My husband is a healthy guy (although he did have back surgery, and also has pretty severe OCD), and sometimes I just feel sorry for him having to deal with me. In sickness and in health, right??? Doesn't stop me from feeling like he got ripped off in the wife department.

But you are right, sitting on the porch at night listening to the frogs and cicadas, watching the bats, those are worhty sounds and sights, and I am lucky to be living in a place where we can do such things.

So thank you for reminding me how good I do have it.

[earthkitty]

Quote:

Originally Posted by mountainwmn

It all comes and goes. Well, most of it anyway, the back issue seems to be here to stay. Most pills make me nauseous so I don't take much. From what I understand a negative biopsy isn't 100% conclusive. They told me it was a waste of time to even do it. But it can also be a symptom of fibro which you can get just from the stress of being really sick, from what I understand. I'm deficient in a few vitamins so I was taking double doses of multivitamins and that doesn't seem to help. Avoiding stress helps but I'm sure we all know how impossible that is.

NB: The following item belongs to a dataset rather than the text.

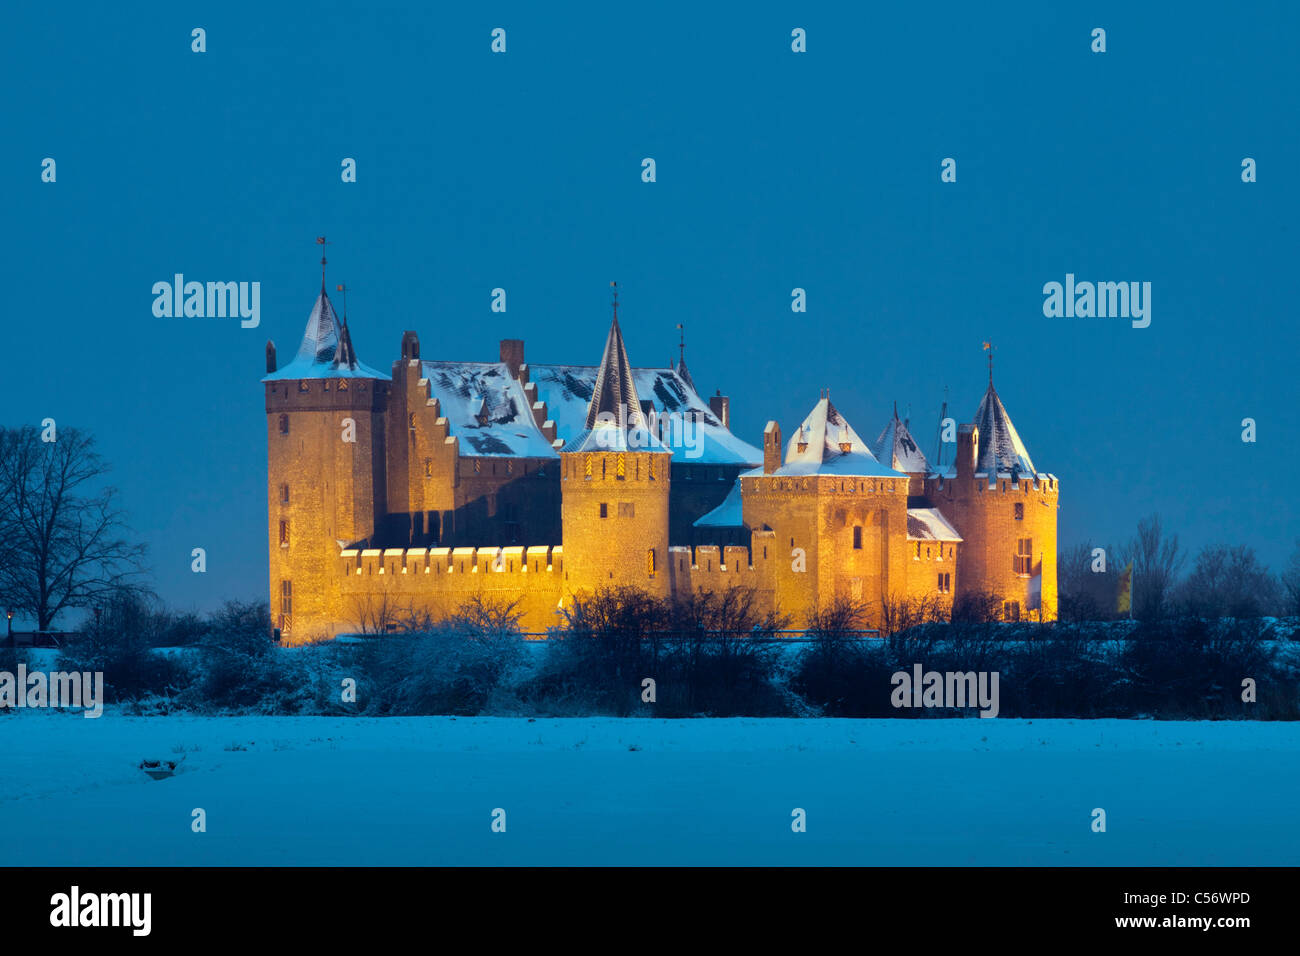 The Netherlands, Muiden, Castle called Muiderslot. Winter, snow. - Stock Image
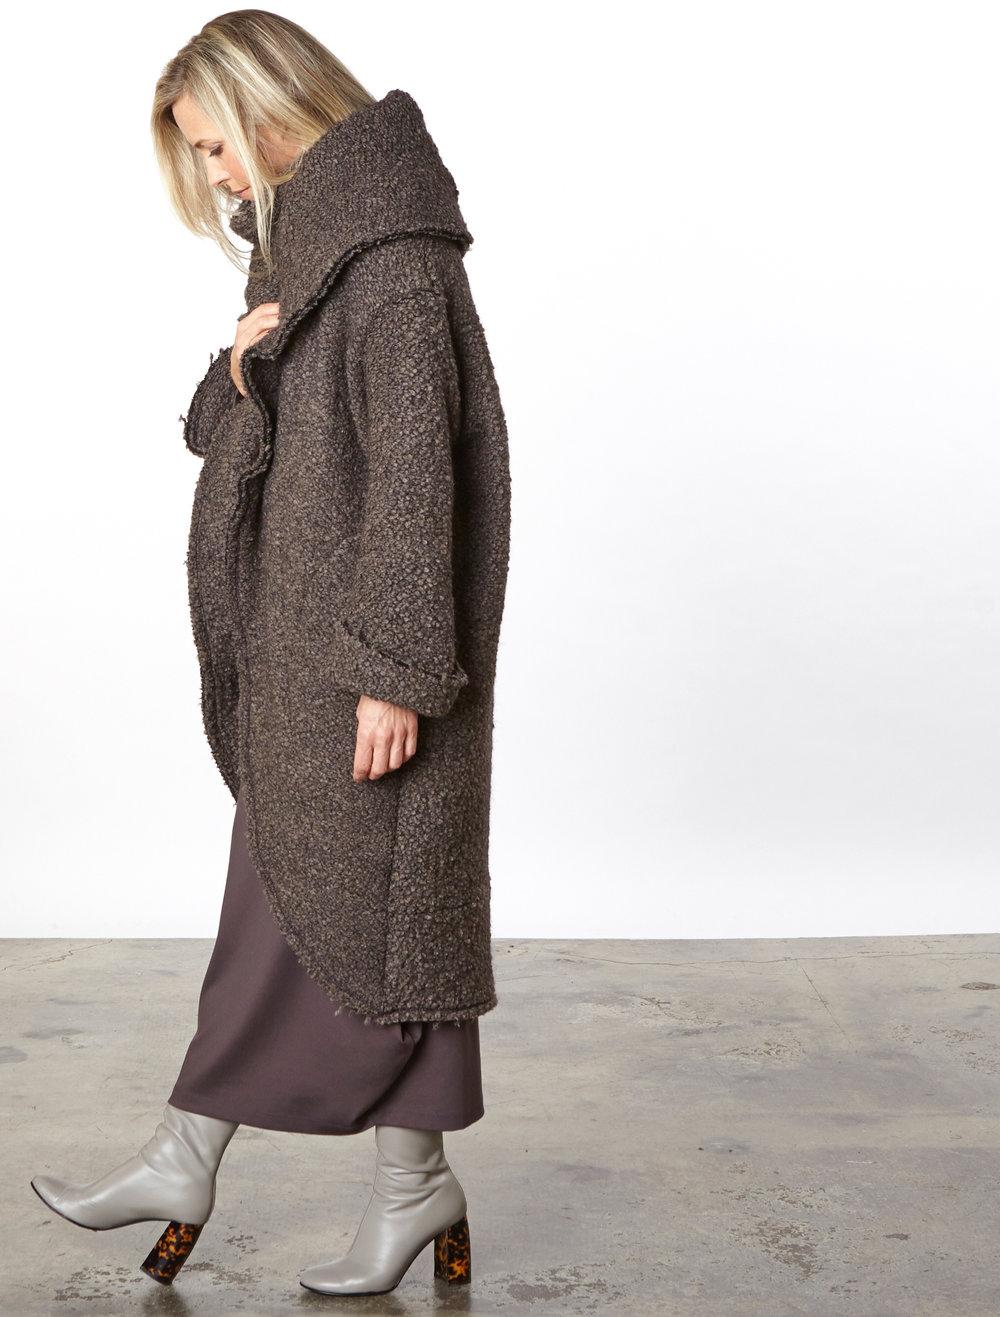 Wrap Coat in Orso Italian Boucle,Ilse Dress in Mocha Modal Ponti

Maybe you are like me, in that I can't take vitamins in pill form. I have to get what I need from food sources, one of the many reasons I am trying to grow everything I eat, from apples to eggs to milk. Don't have the sheep producing milk yet though, and I hope I can count on my kids to do the milking because my hands are crap, as are all my joints.

I chose sheep for milking because the vitamin content of sheeps milk is way better for someone like me than any other milk.

[Ravenlost]

You are more than welcome! Sometimes we just have to let go of the things we can no longer do and enjoy the things we still have!